_Data under study_:
=-=-=-=-=
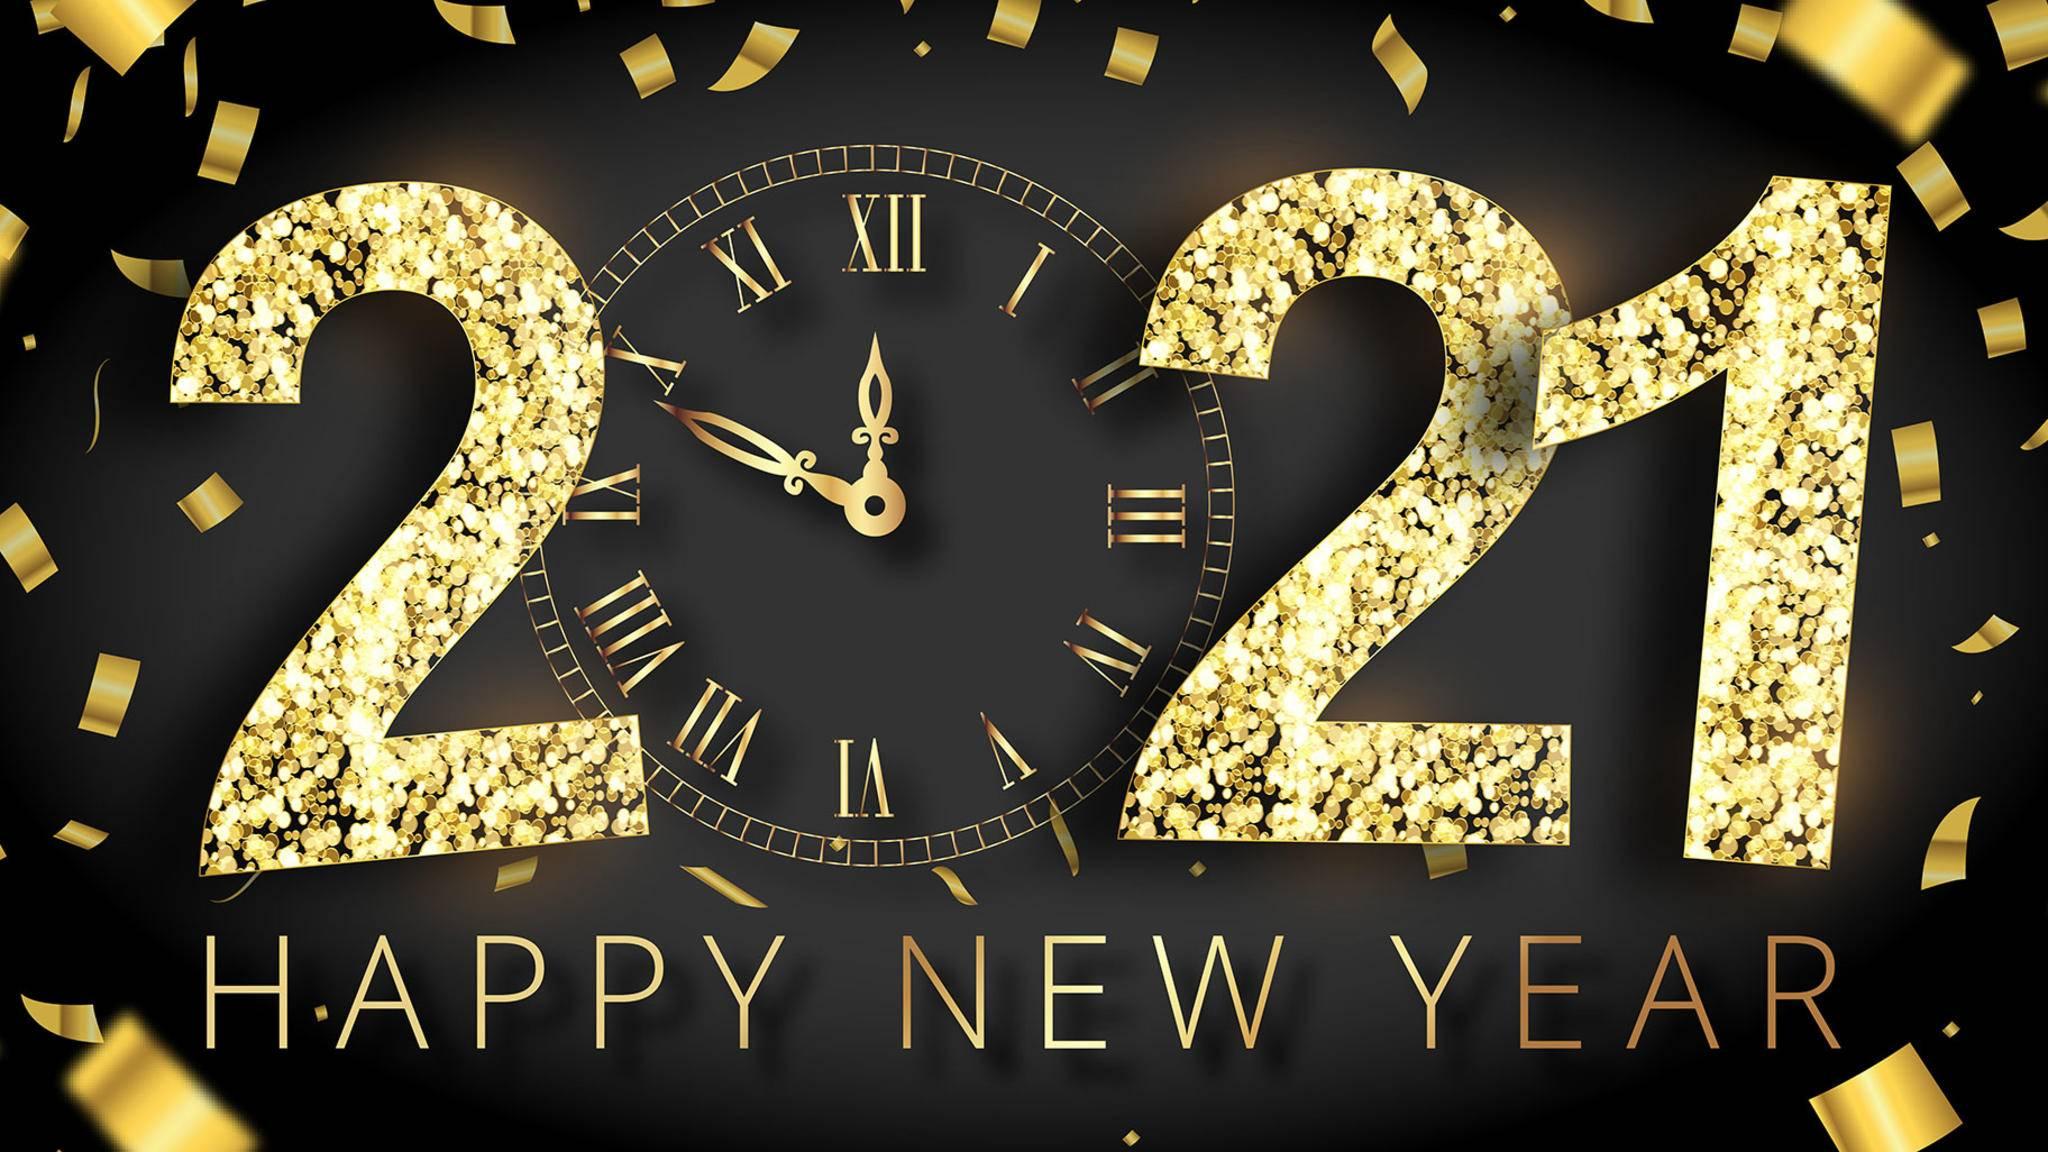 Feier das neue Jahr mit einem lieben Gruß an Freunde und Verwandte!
=-=-=-=-=
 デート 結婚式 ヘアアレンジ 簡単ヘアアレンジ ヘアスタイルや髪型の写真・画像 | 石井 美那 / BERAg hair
=-=-=-=-=
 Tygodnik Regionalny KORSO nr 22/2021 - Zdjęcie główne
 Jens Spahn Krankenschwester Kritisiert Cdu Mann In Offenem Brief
=-=-=-=-=
_Aim of the exercise_: Using the records above, set down exactly the lines from the one with "Tygodnik Regionalny KORSO" through the one with "Jens Spahn Krankenschwester", inclusive, and nothing more.

_Answer_:
 Tygodnik Regionalny KORSO nr 22/2021 - Zdjęcie główne
 Jens Spahn Krankenschwester Kritisiert Cdu Mann In Offenem Brief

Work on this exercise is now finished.